2. Malignant transformation: The risk of malignant transformation of cryptorchidism patients is 20 ~ 48 times greater than that of normal scrotum; The risk of testicular malignant transformation in abdominal cavity is 5 times greater than that in inguinal testis. Congenital defect of testis, abnormal position of testis and high environmental temperature are the reasons for malignant transformation of cryptorchidism.
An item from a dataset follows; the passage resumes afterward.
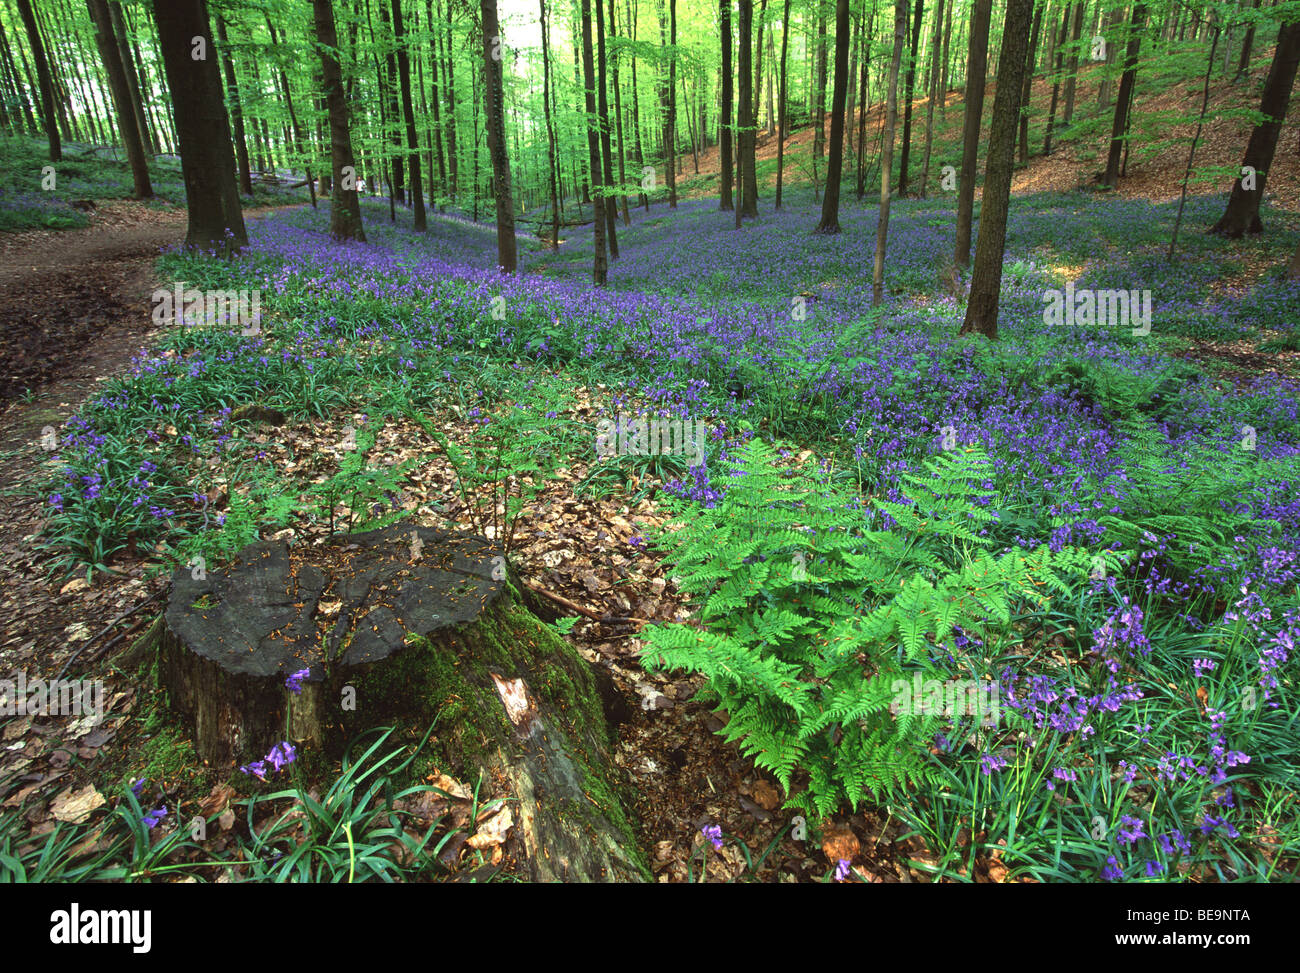 Bluebells (Endymion nonscriptus) and broad buckler fern (Dryopteris dilatata) in beech forest. Stock Photo

3. Vulnerable to trauma: the testicles are located in the scrotum, which is more mobile and less likely to be injured. The testicles are located in the groin. When the abdominal muscles contract, the inguinal canal contracts and the testicles are squeezed. Testicles in abdominal cavity are often squeezed by changes in abdominal pressure.
4. Testicular torsion: The testis of cryptorchidism may have abnormal testicular lead, abnormal adhesion of levator testis or abnormal adhesion of testicular tunica vaginalis, which is prone to testicular torsion.
5. Others: About 65% of cryptorchidism patients are complicated with indirect hernia.
6. An empty scrotum can lead to inferiority, mental depression and withdrawn personality.
What tests does cryptorchidism need to do?
Patients with cryptorchidism often come to see a doctor because the scrotum is empty and there are no testicles in it. There are also patients who complain of "hernia", or patients who come for examination because of bilateral cryptorchidism and infertility after marriage. Diagnosis is generally not difficult. However, attention should be paid to the differentiation between cryptorchidism and testicular loss, because the latter does not require surgery.
If the patient's chromosome is XY type, the serum follicle stimulating hormone (FSH) is increased, the serum testosterone (T) is decreased, and the testosterone level does not respond to the stimulation of chorionic gonadotropin (HCG), it is bilateral testicular loss, and no surgical exploration is needed.
For unilateral testicular loss, which is difficult to be diagnosed before operation, hormone detection is normal. Genital venography, laparoscopy, B-ultrasound and CT scanning may be helpful for diagnosis, and surgical exploration is still needed if necessary.
How to treat
(1) Endocrine therapy: bilateral cryptorchidism can be treated with chorionic gonadotropin first, and hormone therapy before 3 ~ 5 years old. If hormone therapy is ineffective, it is not suitable for continued application or repeated application, and surgery should be changed.
(2) Surgical treatment: Unilateral cryptorchidism or bilateral cryptorchidism should be treated surgically.
1. Timing of operation: It is suggested that the age of testicular fixation is getting earlier and earlier. At present, it is considered better to have surgery before the age of 2. For low cryptorchidism, surgery can also be performed before the age of 6.
2. Operation method: Find the testis through oblique inguinal incision, fully free the spermatic cord and vas deferens, and fix the testis in the scrotum. If bilateral cryptorchidism cannot be fixed in scrotum, one testicle should be preserved and placed under the skin as much as possible to preserve its endocrine function. For unilateral cryptorchidism after puberty, especially for high cryptorchidism that cannot reach the testis, orchiectomy should be done to prevent canceration.